E qual é o objetivo desse sacrifício de tamanho sofrimento, dessa autodoação a custo de sangue para alcançar a Pax Christi? É uma nova e duradoura reconciliação entre a humanidade e Deus, e entre todos os indivíduos e grupos rompidos que compõem a humanidade. Em outra de suas cartas, Paulo colocou a questão da seguinte forma: “Não há judeu nem grego, nem escravo nem livre, homem nem mulher, pois todos são um em Cristo Jesus” (ver Gálatas 3:28). Hoje em dia, ele poderia falar do veterano de guerra com aquele que protesta em favor do pacifismo; da neta tatuada e que usa piercing com sua empertigada e bem comportada avó; dos ortodoxos com os católicos e dos pentecostais com os batistas; dos cristãos com os judeus e dos muçulmanos com os hindus; dos tútsis com os hutus, e de ambos com os twas; dos republicanos de direita com os democratas de esquerda; dos crentes com os incrédulos.

O que é esse conjunto de relacionamentos reconciliados senão o Reino de Deus?

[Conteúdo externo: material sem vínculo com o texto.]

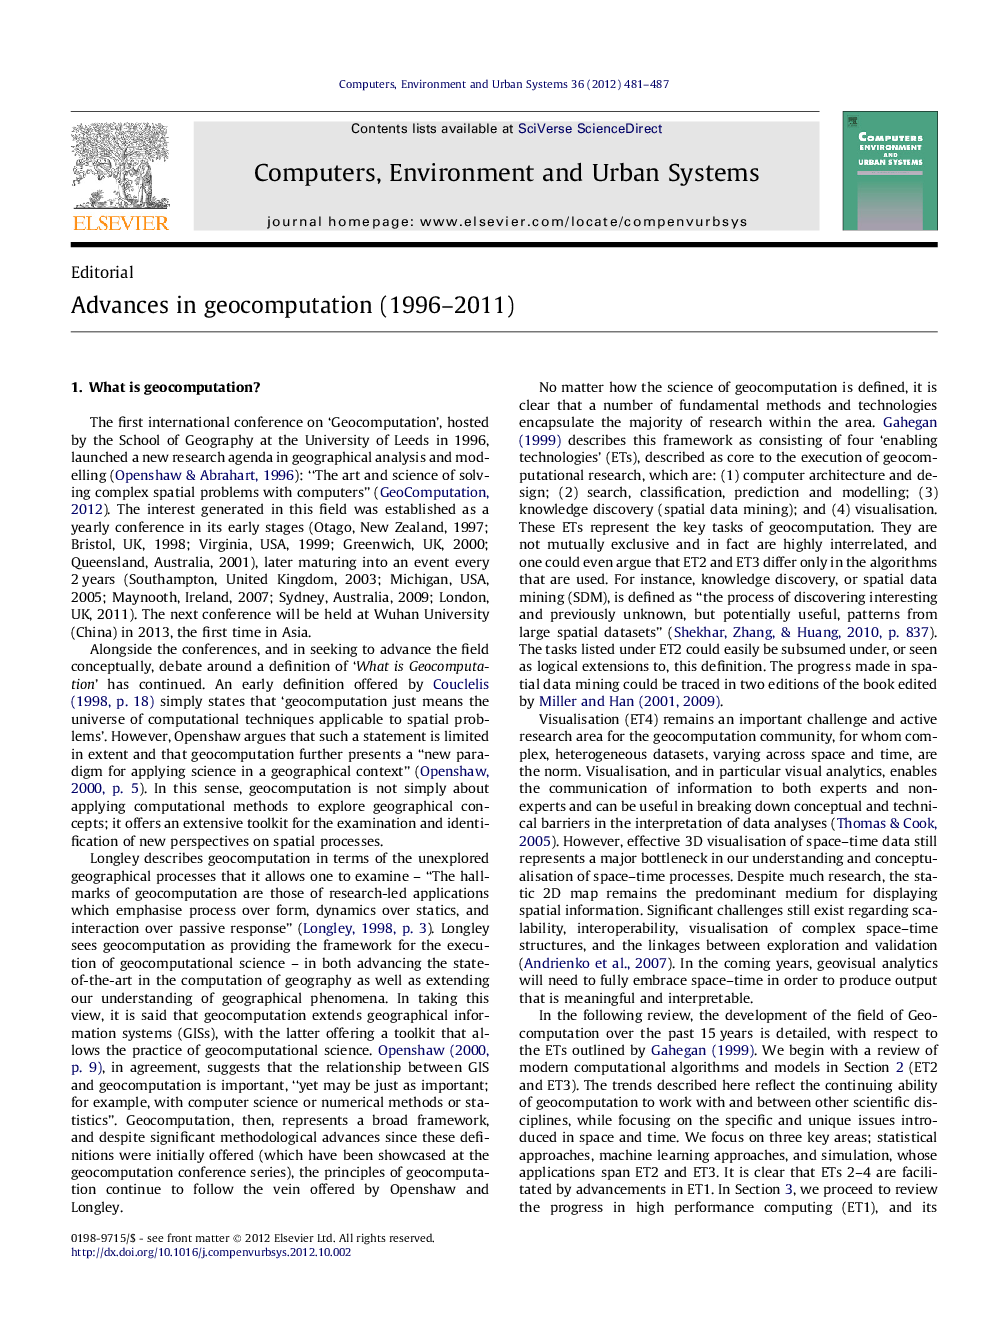 Advances in geocomputation (1996-2011)

Paulo trata desse mesmo tema em Efésios 1:9-10 “[Deus] nos revelou o mistério de sua vontade, de acordo com seu bom propósito que ele estabeleceu em Cristo, isto é, o de fazer convergirem em Cristo todas as coisas, celestiais ou terrenas, na dispensação da plenitude dos tempos.” Essa unidade – essa convergência de todas as coisas em Cristo – é mais uma forma de se traduzir o Reino de Deus.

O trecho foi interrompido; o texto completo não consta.